$ cat post/netstat-minus-tulpn-/-a-port-scan-echoes-back-now-/-i-saved-the-core-dump.md

04DEC17

netstat minus tulpn / a port scan echoes back now / I saved the core dump

Title: Notes from a Snowy Night: A Kubernetes Saga

December 4th, 2017. The snow was starting to fall outside my window, like little diamonds on the roof of the world. Inside, I was in the thick of another Kubernetes debugging marathon that felt more like the Matrix—layer upon layer of abstraction, all wrapped up in a cold, dark night.

A Night in the Pod

Last week, we rolled out a new service using Helm charts to our production Kubernetes cluster on Google Cloud Platform (GCP). Things looked smooth at first: the services deployed without any hitches, and everything was green in our Prometheus dashboard. But then, around 2 AM, alarms started going off like firecrackers.

We noticed that one of our critical services was starting to fail. The pods were crashing and being restarted rapidly—too rapidly for us to keep up with debugging. The logs showed a cryptic error: “Failed to open socket.” It looked like some kind of network issue between the service and its database, but nothing in the networking setup seemed off.

A Trip Down Memory Lane

I had worked on this cluster before when it was just a couple of nodes. Now we were running dozens of services, with complex interdependencies. I pulled up my notes from the initial setup—those endless hours spent configuring GKE, deploying Helm, and setting up Istio for service mesh.

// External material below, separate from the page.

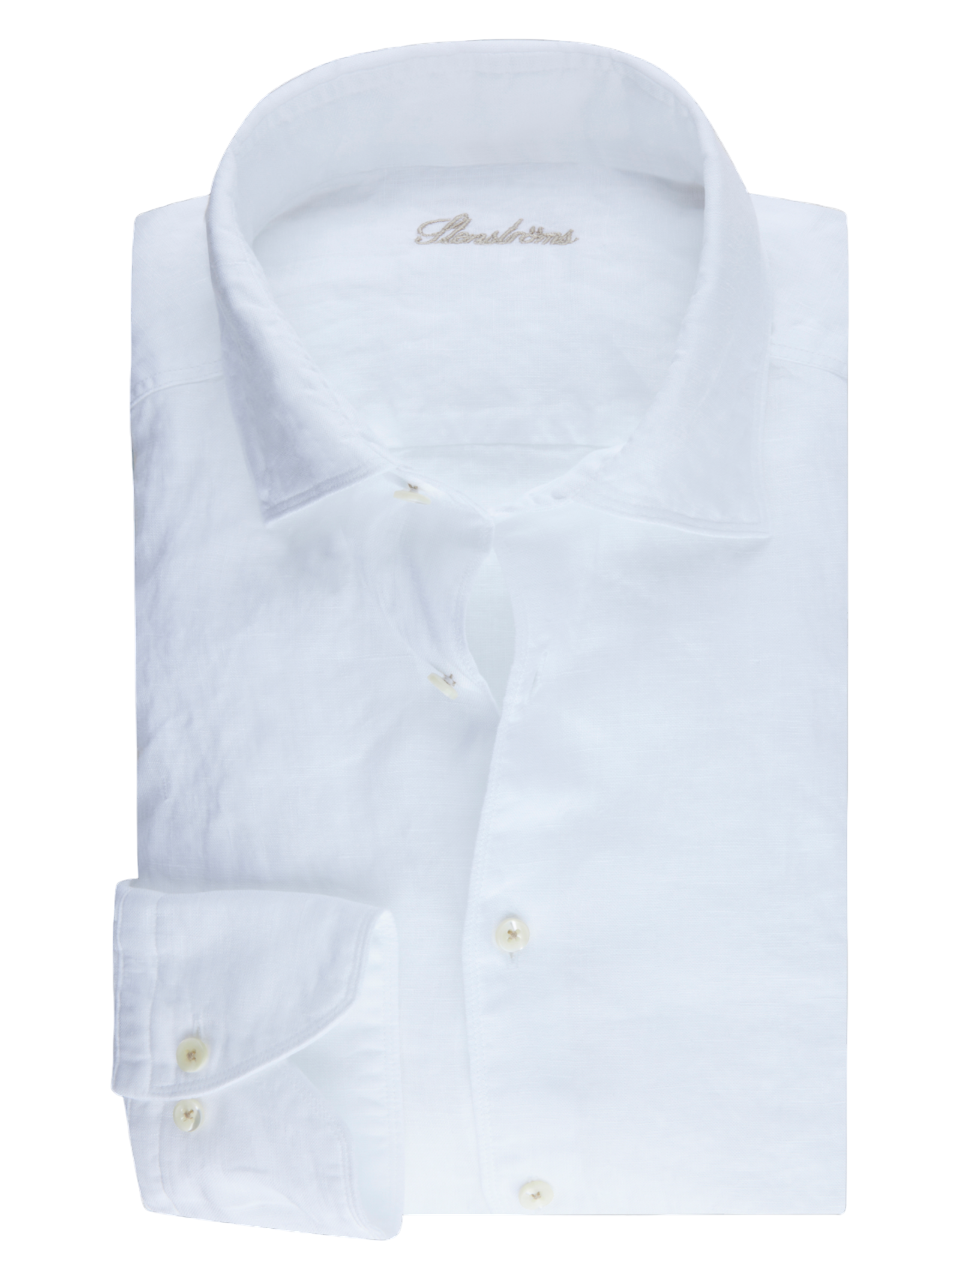 Stenstroms Linen Shirt in White

I decided to start debugging by checking the network policies. These policies had been one of the first things we set up to ensure secure communication between pods. But with so many services and so much traffic, it was hard to keep track of everything. I needed a way to visualize what was happening.

Enter: Calico

Calico is an open-source networking solution that has gained traction as Kubernetes becomes more mainstream. I remembered reading about it when it first emerged but never had the chance to use it in production. Now, with this cluster, it seemed like a good time to dive in and see if it could help us visualize and troubleshoot our network issues.

After an hour of setting up Calico for debugging purposes (which is still not as straightforward as I would like), I was able to see the traffic patterns between pods and services. The “Failed to open socket” errors made more sense now: there were dropped packets due to some overly restrictive policies we had applied inadvertently.

A Lesson in Kubernetes

This experience reinforced a few things for me:

Documentation is Key: We had a lot of undocumented changes and decisions that got buried over time. This is something I’ve been advocating for better documentation practices with our team.
Complexity Awaits: Kubernetes, as powerful as it is, comes with complexity. Tools like Calico can help manage some of the intricacies but don’t replace careful planning and understanding.
Iterative Debugging: In situations where things go awry, take a step back, reassess, and use the right tools to debug iteratively.

Conclusion

By 4 AM, we had identified the issue, refined our network policies, and the service was up and running smoothly again. The snow outside provided an odd contrast to the urgency inside as I wrapped up for the night. It’s days like these that remind me why I love working with Kubernetes—it’s a challenge, but it also offers endless opportunities to learn and grow.

Sometimes, life just piles on in ways you don’t expect. But when you’re dealing with a system as complex as Kubernetes, sometimes you need those snowflakes to fall just right—because they might be the key that unlocks the next layer of complexity.